Kenneth Darryl Tuchman (born October 23, 1959) is an American entrepreneur, philanthropist, and customer experience evangelist. He is the founder, CEO and Chairman of global outsourcing company TTEC, formerly known as TeleTech.

Biography
Tuchman worked various jobs as a teenager: in a surf shop and renting lots for car sales which blossomed into a business where he would answer inquiries and then set up appointments. In the 1980s, Tuchman worked for his father's luxury-home construction business in California, which is when he first started considering the idea of a business that would serve as a centralized base for potential customer inquiries. In 1982, he founded TeleTech (now TTEC) in an old nursery school near Los Angeles allowing businesses to outsource their customer service requirements.  His first big customer was Herbalife.

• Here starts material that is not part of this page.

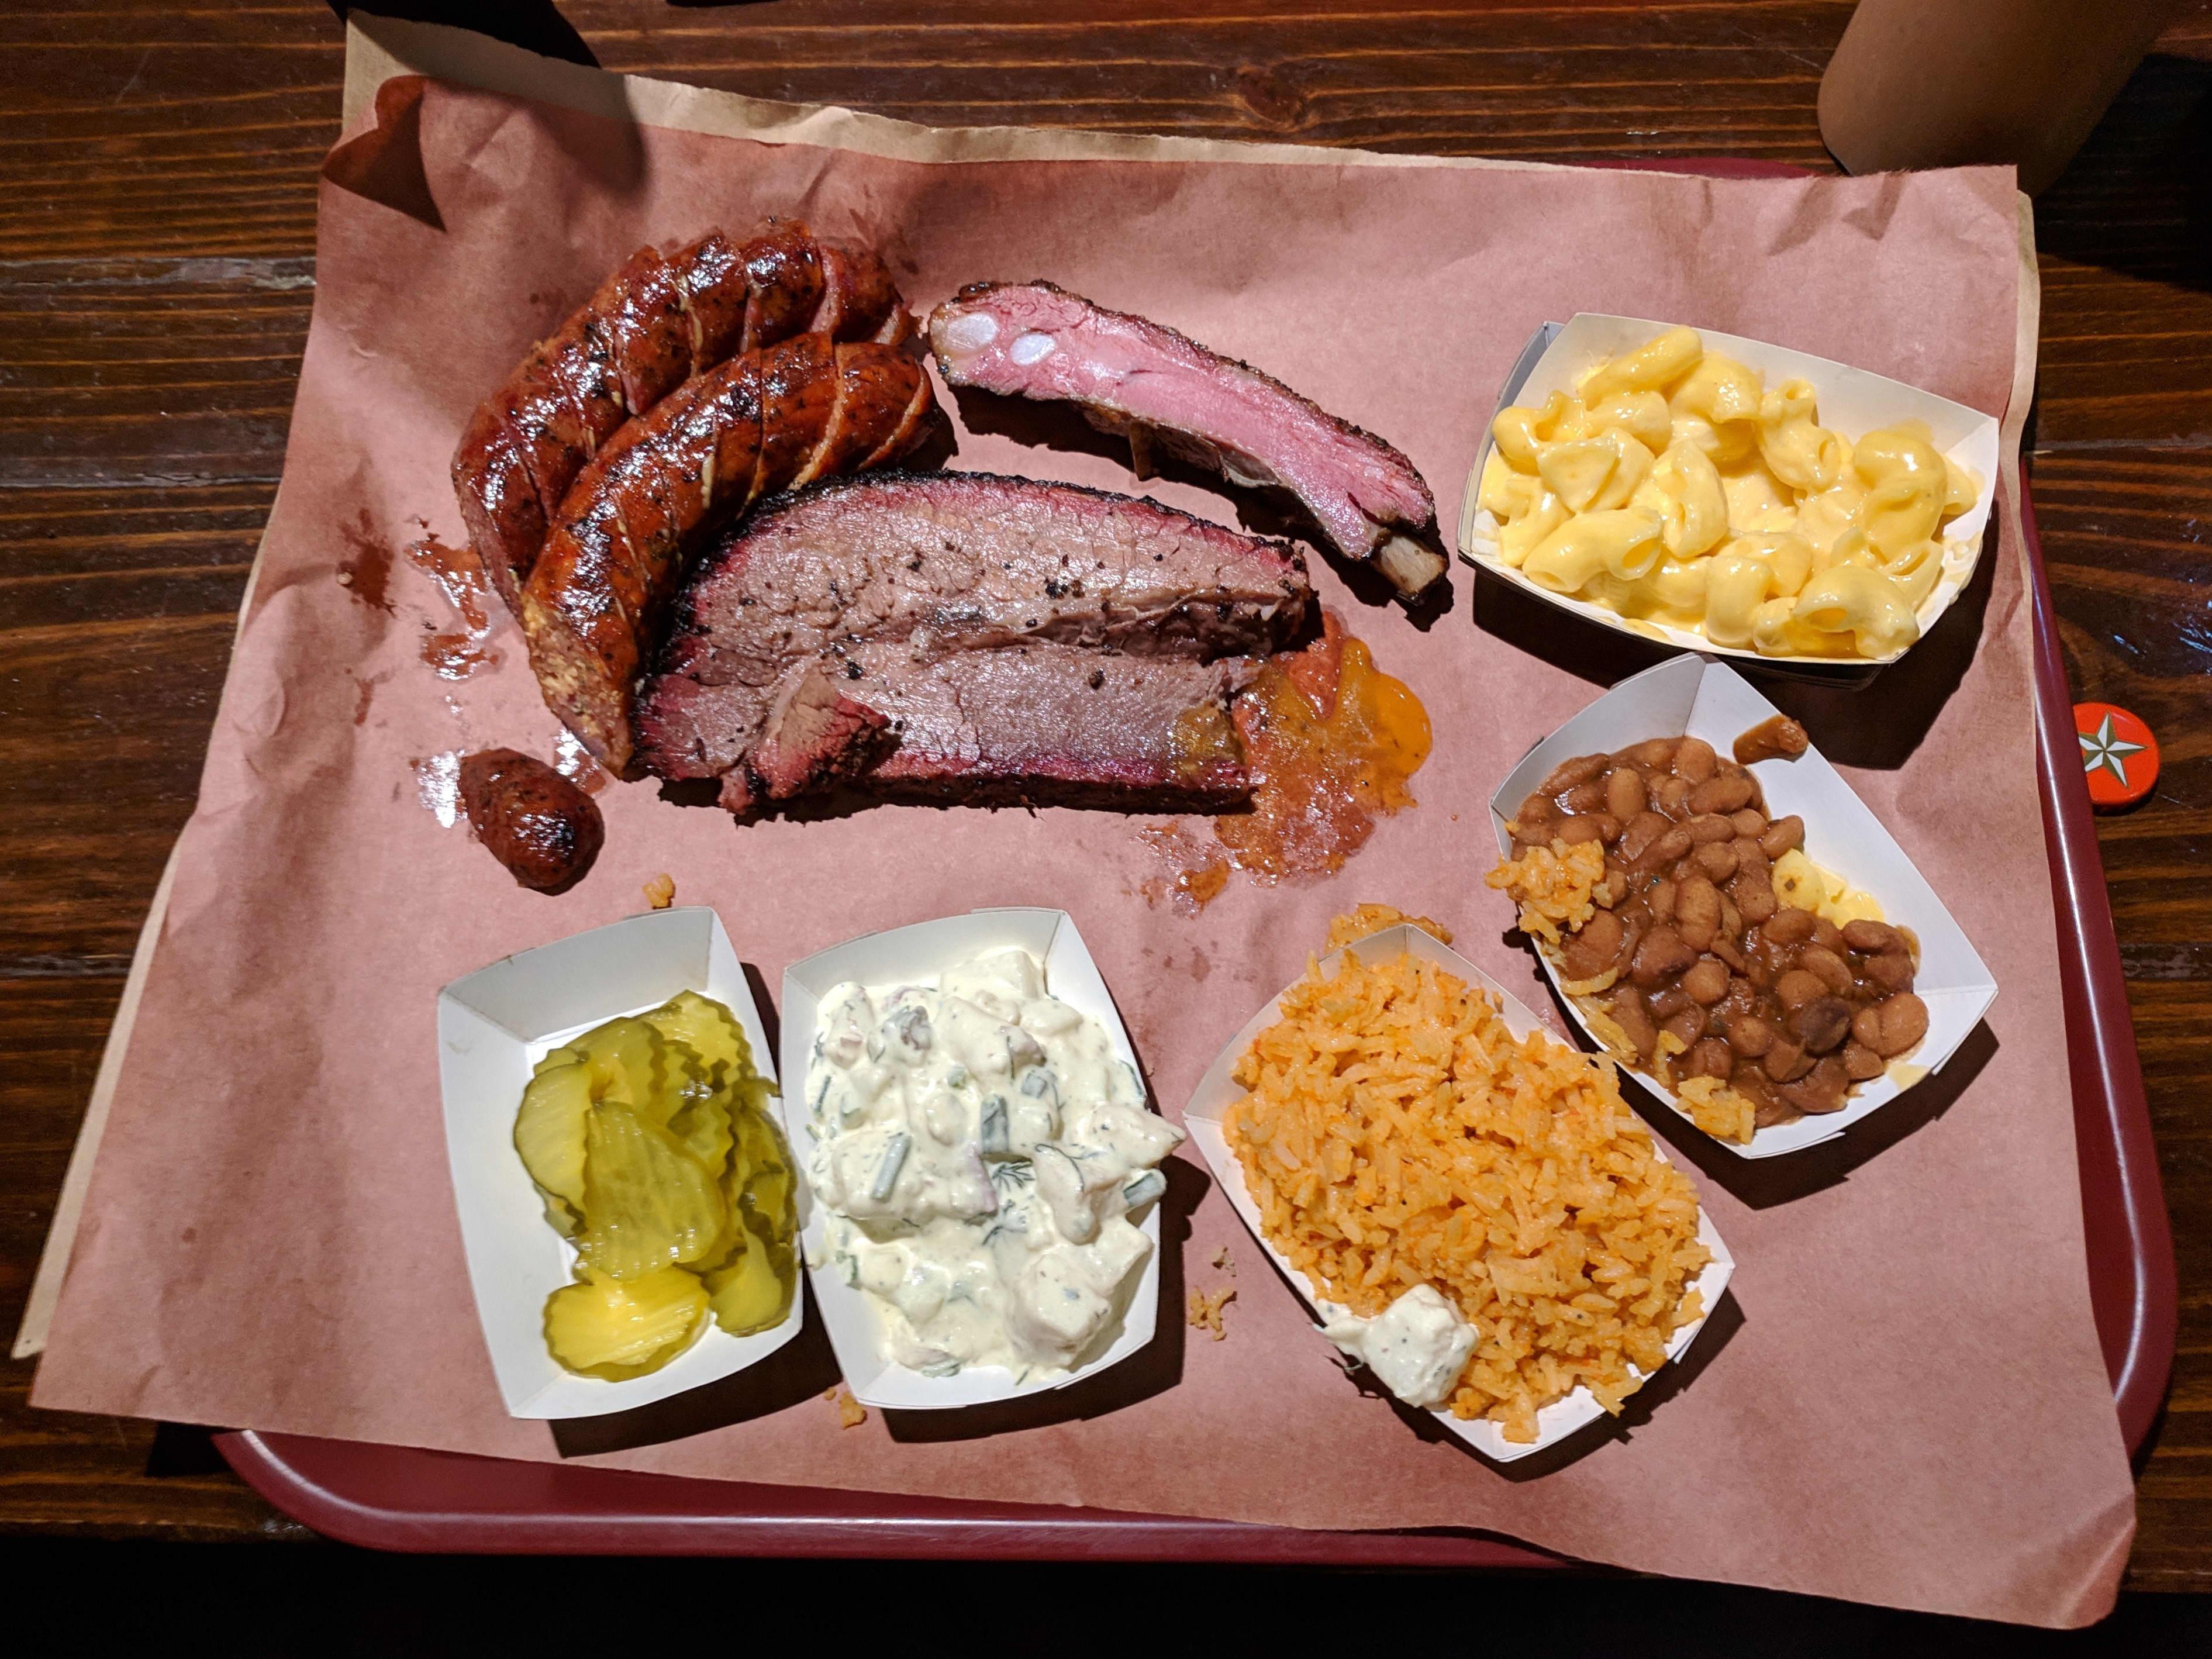 Austin Texas BBQ List Terry Blacks BBQ Brisket, Pork Ribs, Sausage, Beans, and Potato Salad

In 1984, after the conglomerate AT&T was broken up, TTEC was hired to monitor AT&T's transactions with customers who were switching carriers which led to business with two of the resulting phone companies, MCI, Inc. and United Telecom (subsequently Sprint Corporation), to sign up new customers.

In 1986, he moved the company to Sherman Oaks, California. In 1992, it had $6 million in revenue which grew to $50 million in 1995 and he relocated the company to Denver, Colorado.[3] In 1995, Sam Zell purchased a 17% stake in the company and in 1996, TeleTech completed its IPO. In 1999, Tuchman left the company after a disagreement with the Board over strategy but returned in 2001. The company went through a severe restructuring with numerous layoffs and consolidation of call centers.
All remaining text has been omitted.